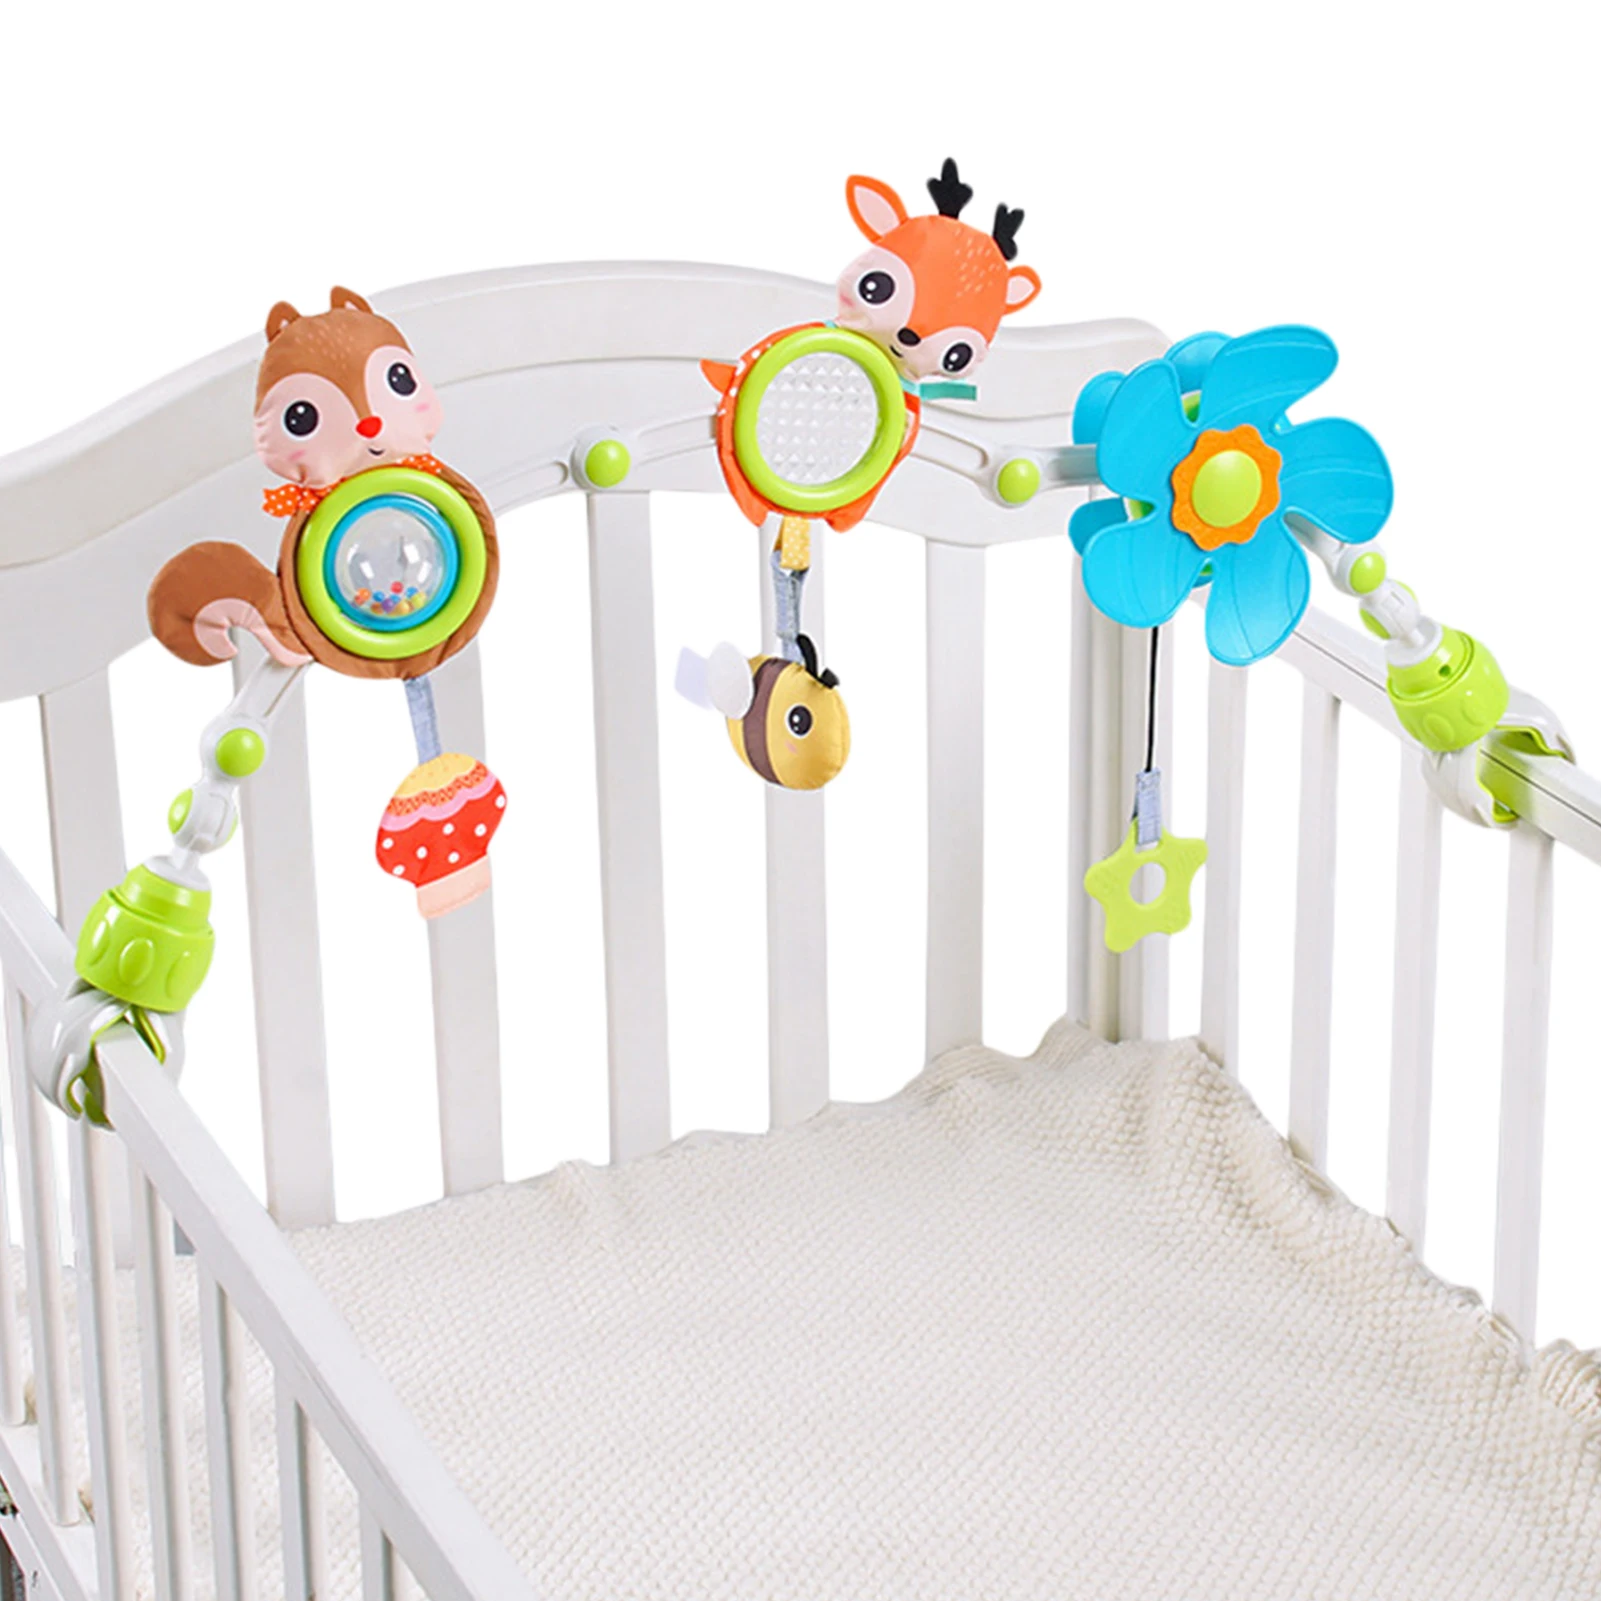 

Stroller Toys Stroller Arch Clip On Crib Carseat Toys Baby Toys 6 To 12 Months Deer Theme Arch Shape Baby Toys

==

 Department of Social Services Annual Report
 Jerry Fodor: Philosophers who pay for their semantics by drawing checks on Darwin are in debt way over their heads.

Instructions to follow.
Look above for the line containing "Department of Social Services Annual Report". Output from there through the line containing "Jerry Fodor: Philosophers", exactly and inclusively.

Exercise result.
 Department of Social Services Annual Report
 Jerry Fodor: Philosophers who pay for their semantics by drawing checks on Darwin are in debt way over their heads.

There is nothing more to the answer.